Whether you have any direct reports or not, every employee has valuable feedback to give to others in their organization (and plenty of opportunities to do so, based on all the ways listed above). But how exactly does giving great feedback help you succeed?
If you are a manager, you are evaluated on your ability to lead a team. Being good at giving feedback:
- Makes your employees better, which reflects your own abilities as a manager
- Increases your team’s potential and value to the organization
- Highlights your skills as an effective coach
If you are an individual contributor without direct reports, your performance evaluation is based on your own achievements.
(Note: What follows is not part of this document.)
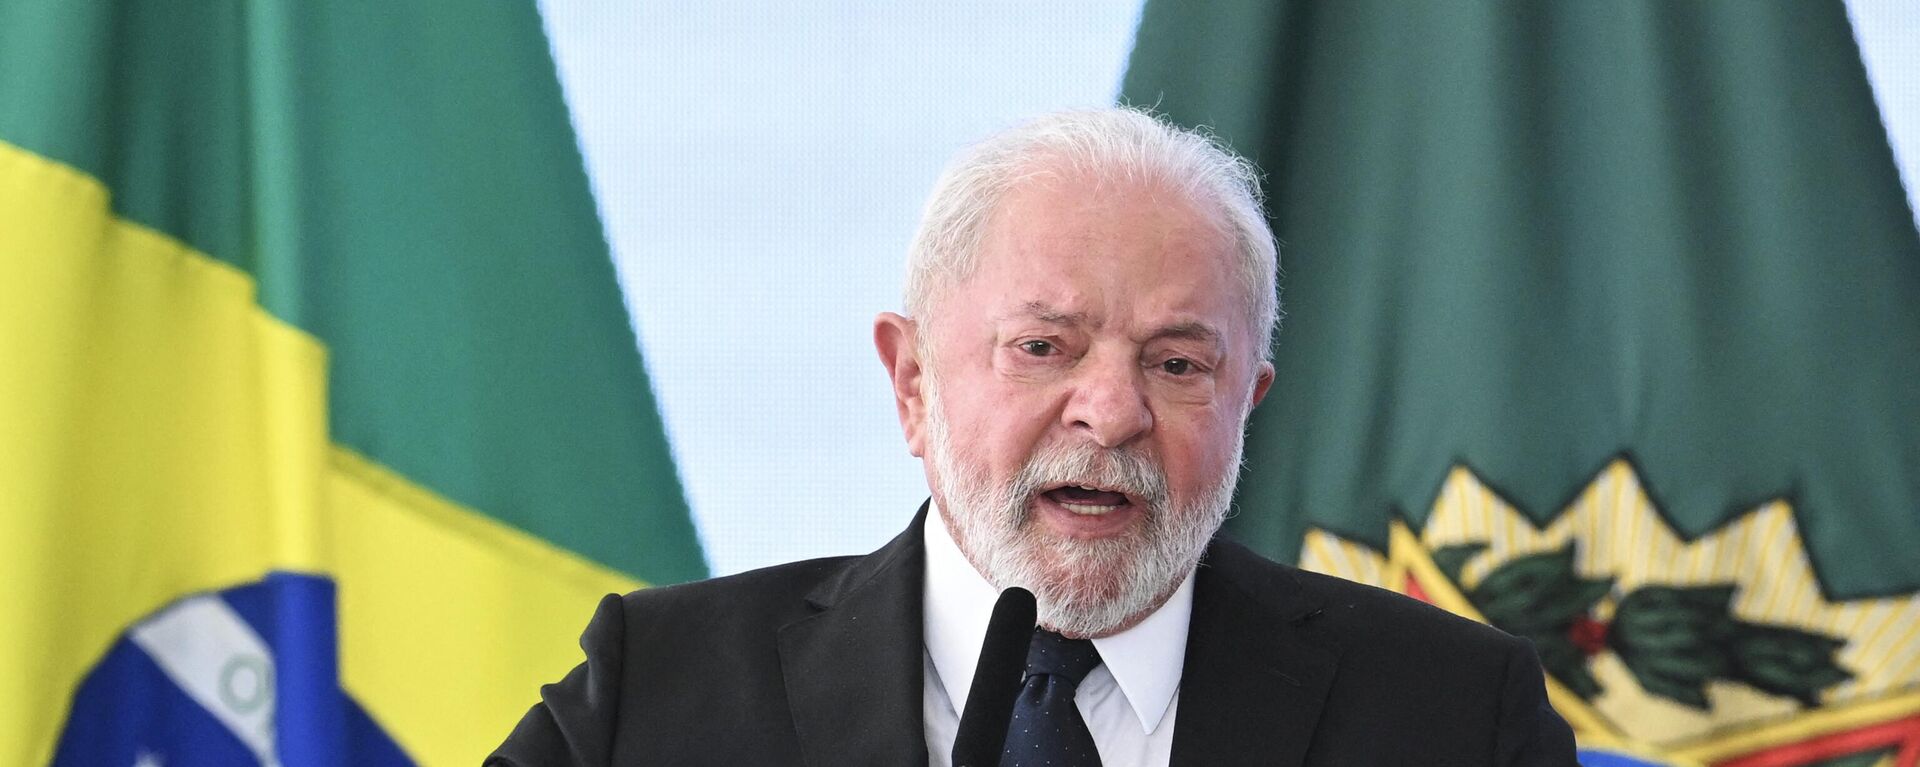 Brazilian President Luiz Inacio Lula da Silva delivers a speech during the launching ceremony of the National Public Security Program (PRONASCI) at the Planalto Palace in Brasilia on March 15, 2023 - Sputnik Africa, 1920, 16.04.2023

Being good at giving feedback:
- Demonstrates to your manager that you have leadership potential
- Makes you a better peer and collaborator
- Increases your value to the organization
To better receive feedback:
- Maintain a positive mindset where you can appreciate someone else’s perspective for what it is – a way to help you see how others see you.
- Ask for specific ways to change or adjust your behavior. It’ll help you get even more out of the feedback.
- Set goals for yourself to put the feedback into action. For example, if a manager encourages you to work on your relationships with clients, set a goal to schedule coffee or lunch with a new client each month.
To properly give feedback:
- Come prepared. Think through how you plan to deliver the feedback to ensure you’re specific and constructive.
- Be solution-minded. Telling someone what they do wrong without sharing what they can do to improve can be a waste of everyone’s time – and leave the receiver of the feedback feeling down and unmotivated.
- Find the positive in the negative. The “sandwich” technique is a popular feedback method, where the giver of the feedback starts and ends with compliments and praise and uses the middle of the conversation to deliver the constructive criticism.